ANKARA — President Recep Tayyip Erdogan on Saturday laid the foundation stone for the first new church in Turkey since it became a modern republic in 1923.
The church in the Istanbul suburb of Yesilkoy will serve the 17,000-strong Syriac Christian community, which is also paying for the new building.
“It is the Turkish republic’s duty to meet the need for space to worship for the Syriac community, who are the ancient children of this geography,” Erdogan said during the stone-laying ceremony.
Syriac Christians are part of the eastern Christian tradition and pray in Aramaic, which Jesus is believed to have spoken.
Erdogan said he hoped the construction of the Syriac Orthodox Mor Ephrem Church would be completed within two years.
He had ordered the Istanbul metropolitan municipality to find space for the building in 2009 while he was prime minister.

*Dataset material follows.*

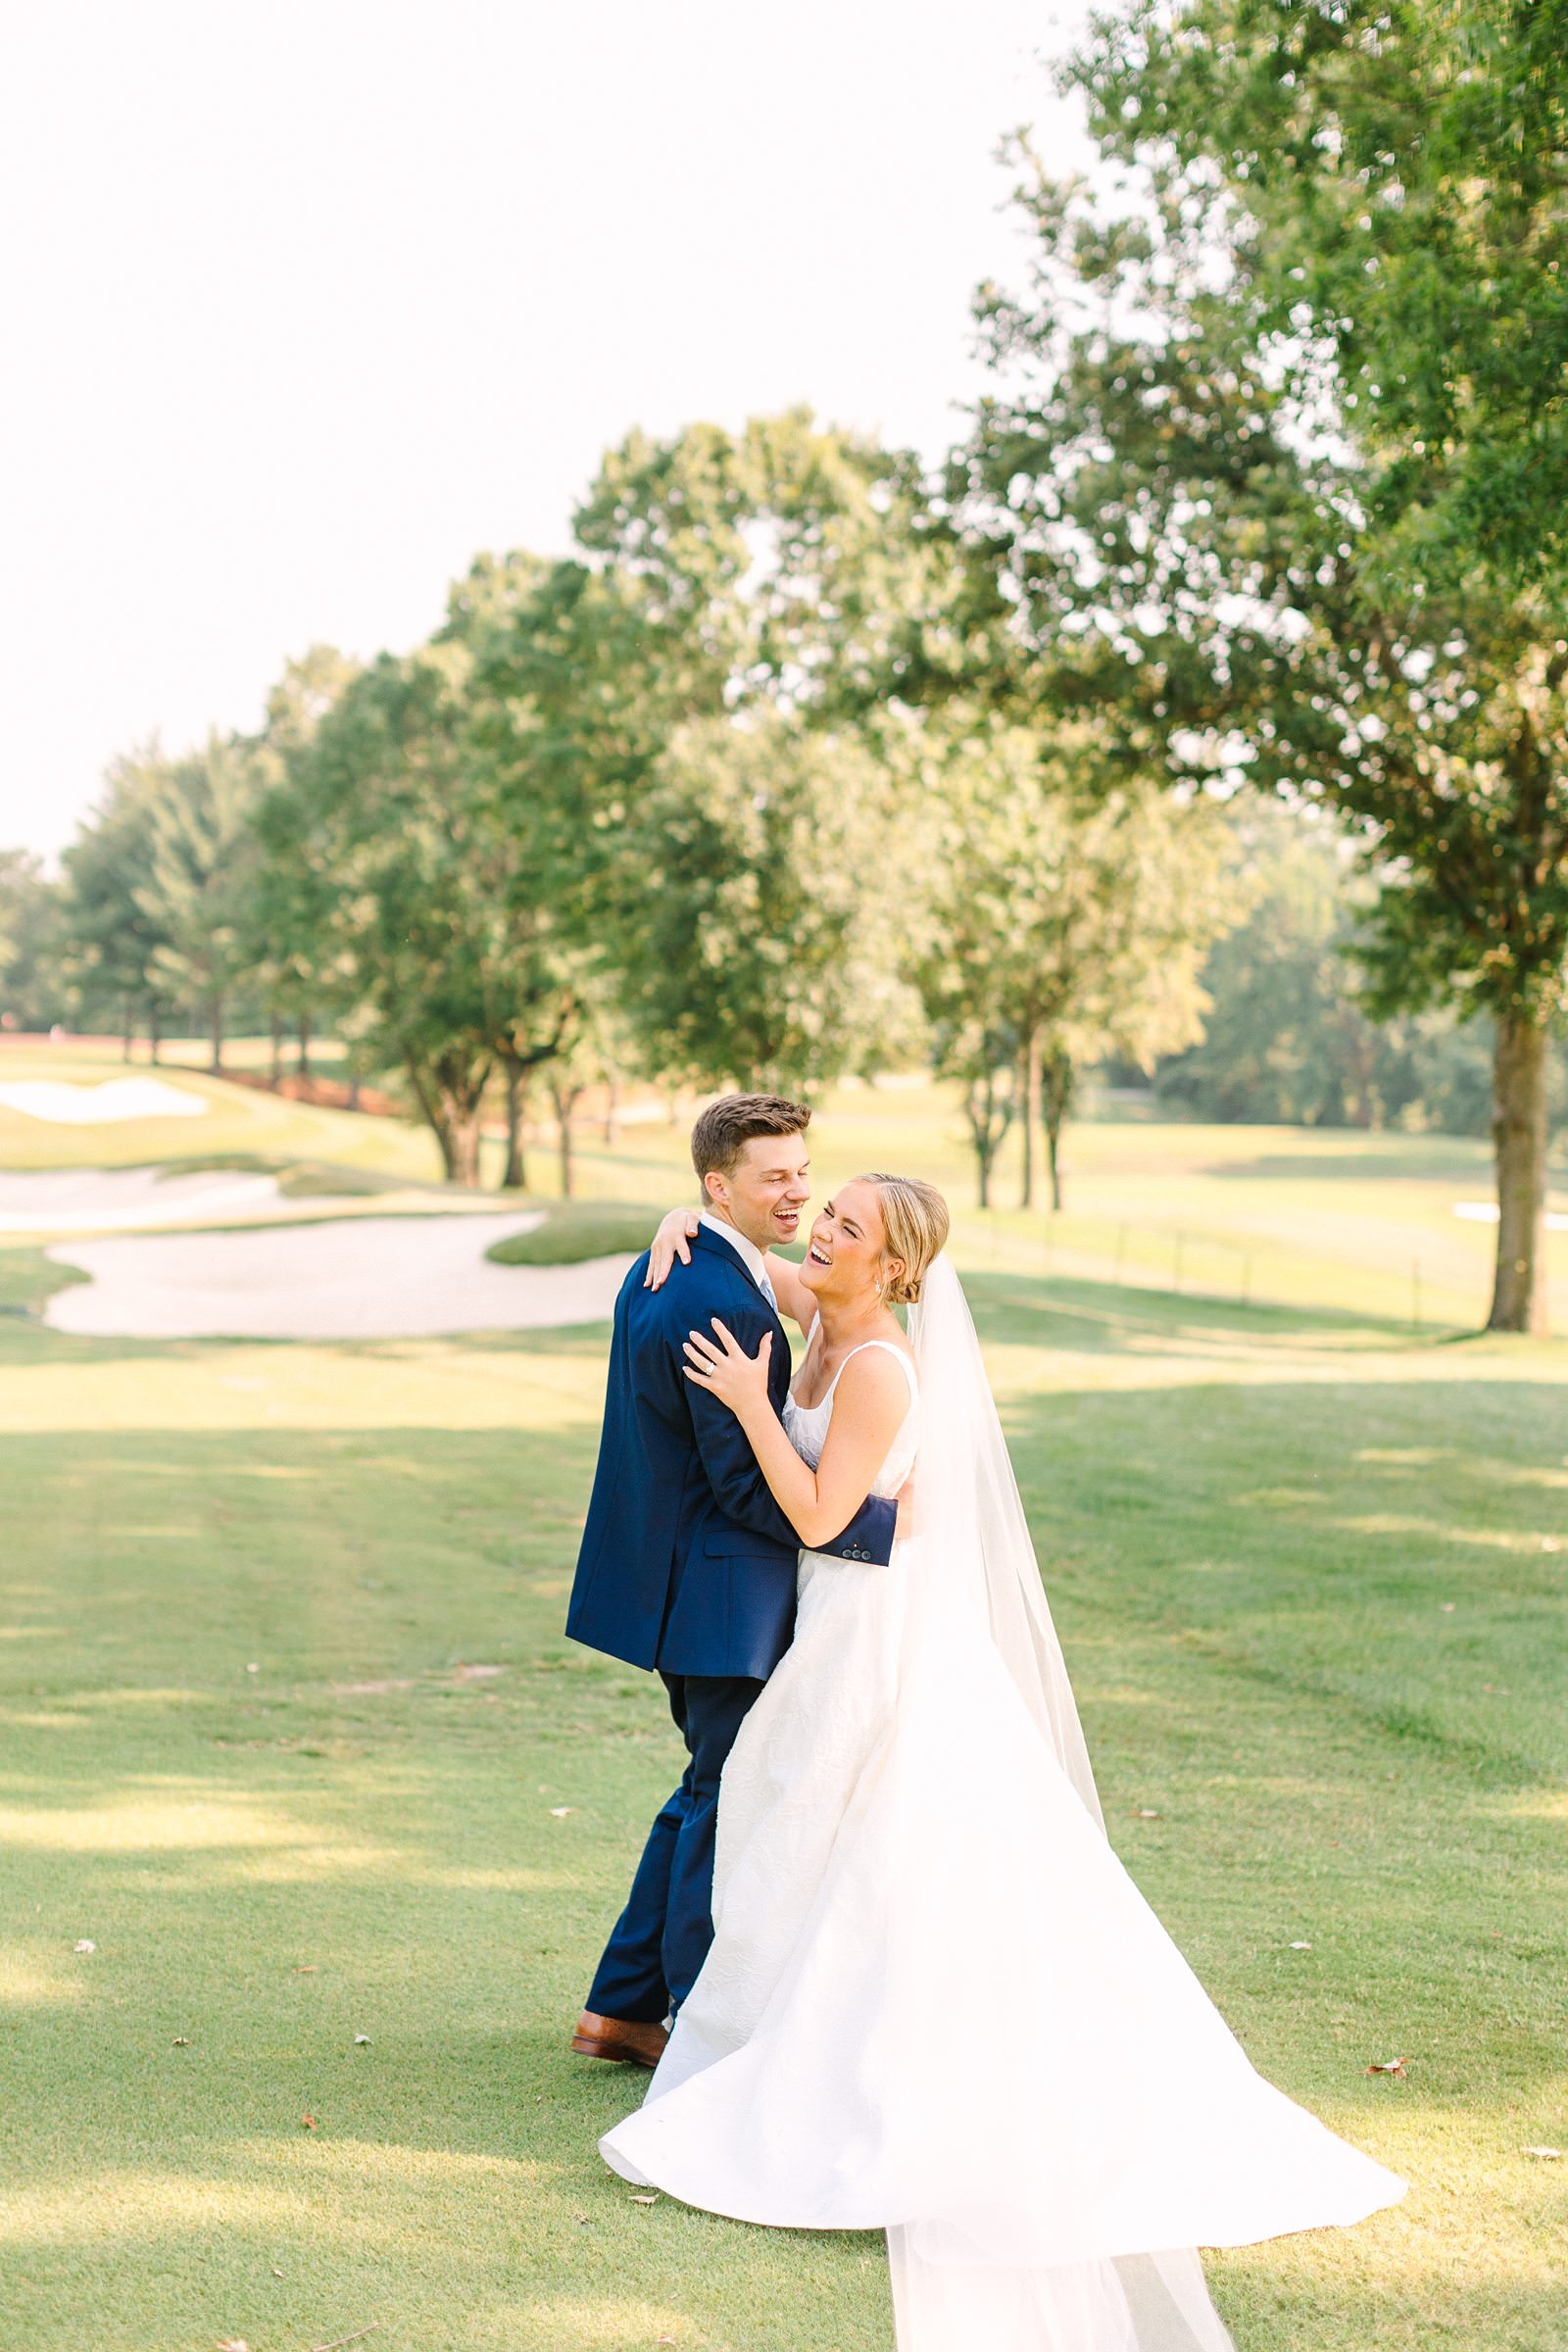 An Evansville Country Club Wedding | Ashley and Beau | Bret and Brandie Photography171.jpg

It is being built on land belonging to the Latin Catholic Church and which is part of an Italian cemetery, the head of the Beyoglu Virgin Mary Syriac Orthodox Church Foundation in Istanbul, Sait Susin, said.
In recent years, Turkey has restored and reopened churches but the Islamic-rooted government has been criticised for trying to Islamicise the official secular country.
Christian minorities including Armenians have also complained of being treated as second-class citizens in the Muslim-majority country.
Christians make up around 0.2 per cent of the total population in Turkey.
But Erdogan sought to extend a hand to other communities in the country of 82 million, saying “don’t forget, this country, this state belongs to everyone”.
“Anyone who has affection for, contributes to and is loyal to Turkey is a first-class citizen. There are no barriers to anyone in politics, trade or any other area.”
Official statistics show 98 per cent of the Turkish population is Muslim but a poll by Konda group earlier this year showed the number of people identifying as atheist rose from 1 to 3 per cent between 2008 and 2018.
In the same survey, 51 per cent said they were religious in 2018 compared with 55 per cent in 2008, although the number of those who said they were a “believer” rose from 31 per cent to 34 per cent in a decade.